For the self-hating ones among us, such attentions are likely to trigger acute discomfort and anxiety: why does our lover seem to think so much better of us than we think of ourselves? Why do they hold us in such high esteem when we, for our part, cannot bear our reflection? How have we come to be so heroic in their eyes when we are so despicable in our own? Why do they call us beautiful and kind, intelligent and thoughtful when we feel as if we are none of these things? Their attentions end up having to be met with all the disdain we accord to false flatterers. We are sickened to receive gifts that we are, deep down, sure we do not deserve.

It’s as an escape from this form of nausea that we may run into the arms of people who can be relied upon to be satisfactorily cruel to us. They aren’t delighted when we walk into a room, they have no interest in our childhoods or what happened to us today, they show no particular enthusiasm for sleeping with us, they flirt with others and give us no guarantee that the relationship will survive until tomorrow. It sounds appalling and in a sense it is, but it may feel a lot less appalling than to be showered by a kindness we are certain in our bones that we have never earnt. At least the meanness on display accords perfectly with our assessment of ourselves. 

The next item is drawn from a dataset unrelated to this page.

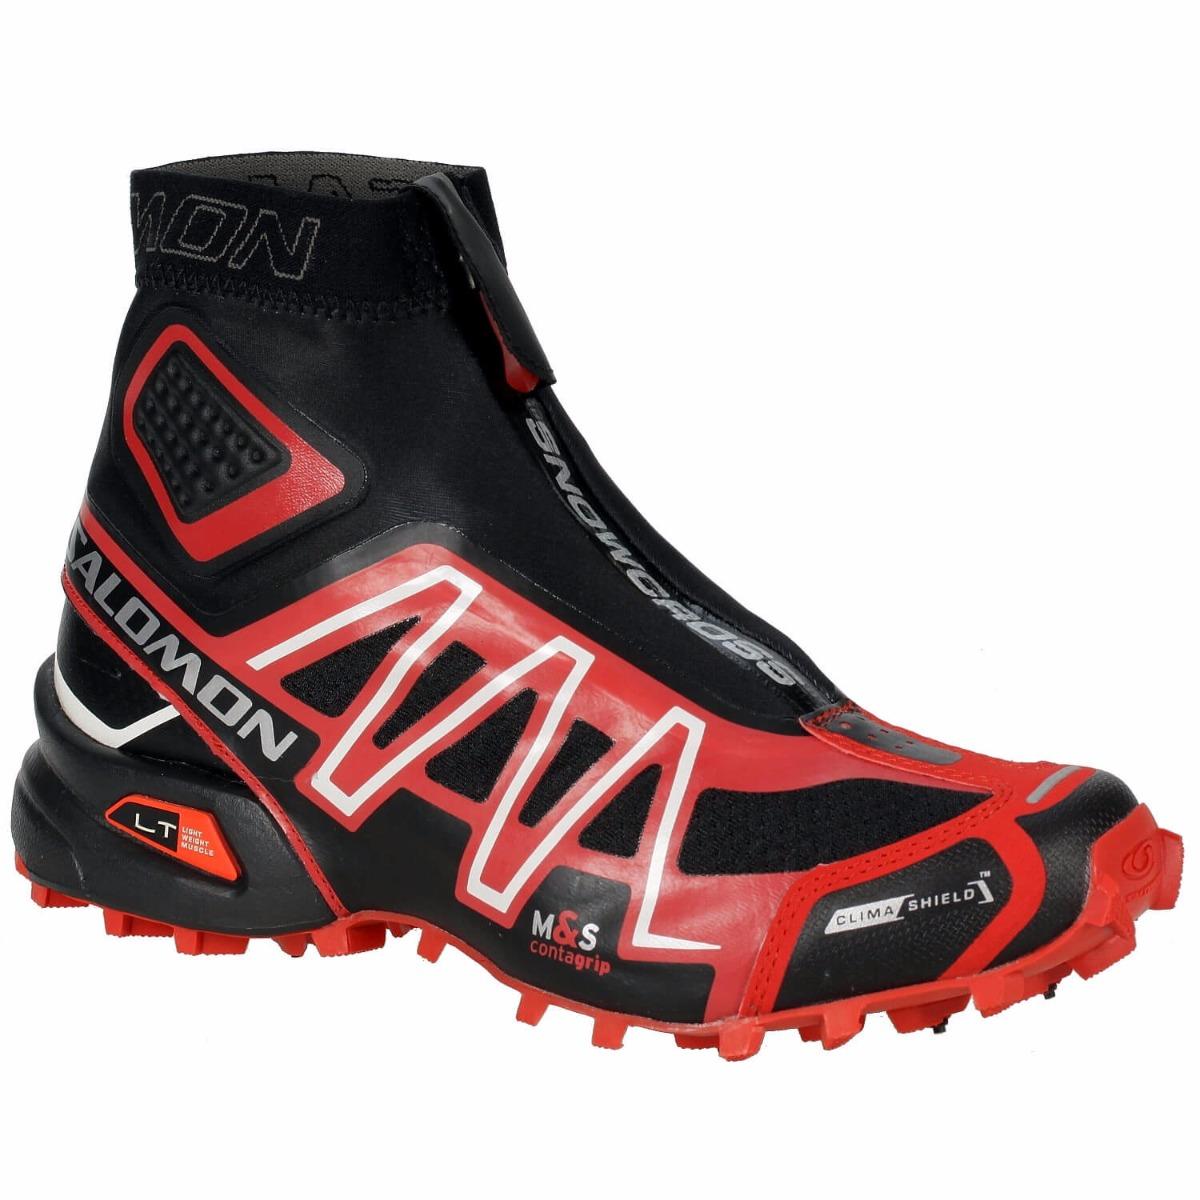 new arrival 0375f d2f95 Salomon Snowcross CS Men's Shoes| Trail running
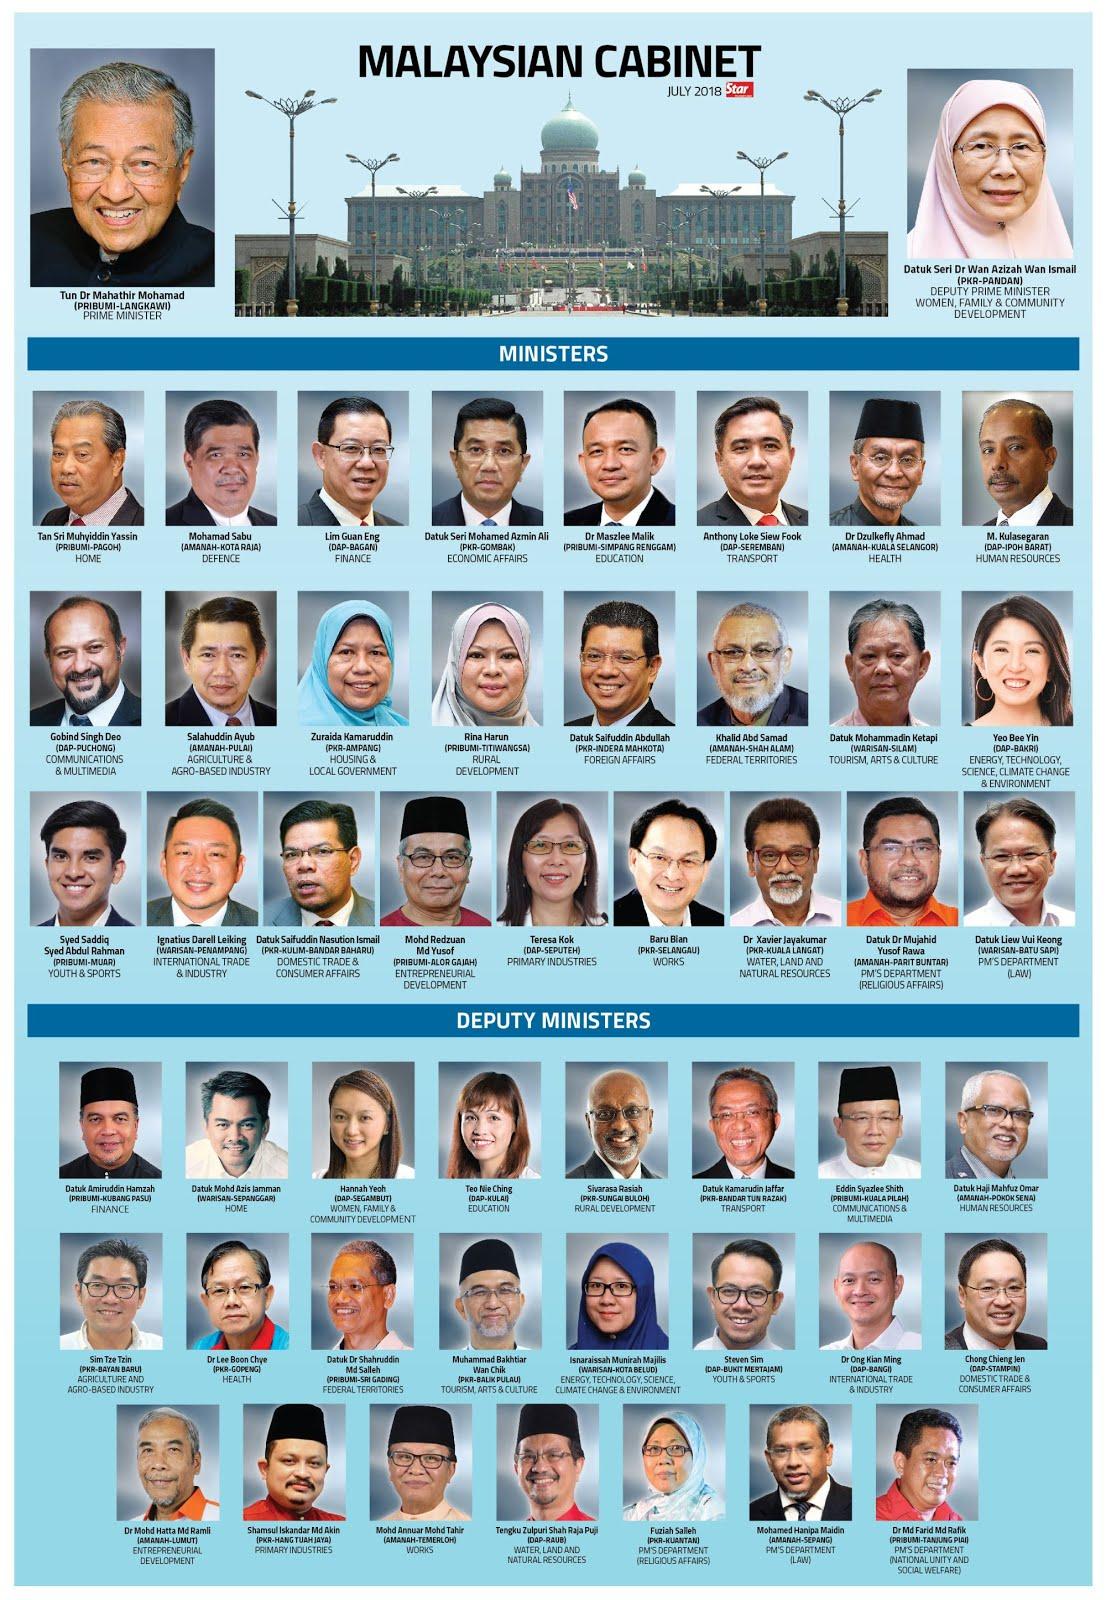 Cabinet Pakatan Harapan Malaysia 2018

Whatever we may claim, there are almost always a host of potential romantic partners ready to treat us very nicely; it is just that – without any awareness of the process – we have probably become experts at dismissing them at the first opportunity, tossing them aside with terms like ‘boring’ or ‘uninspiring’ – by which we really mean: uninclined to think as badly of us as we think of ourselves or unlikely to make us suffer in the way we need to suffer in order to feel we are receiving the sort of attention that befits us. 

In truth, these kind people are generally very far from dull or stupid. They have cleverly spotted something about us that we have not yet taken on board: that we are not appalling and that beneath our defences, we remain kind, sweet and worthy. These observers just frighten us because, with their kindness, they challenge a fundamental pillar of our psychology, the idea that we are owed punishment. 

We will learn to see many such kind lovers waiting for us in the wings, and will be far readier to let them into our affections, the moment we can accept that, for all our many (yet utterly normal) flaws, we don’t deserve to be treated badly for the rest of our lives.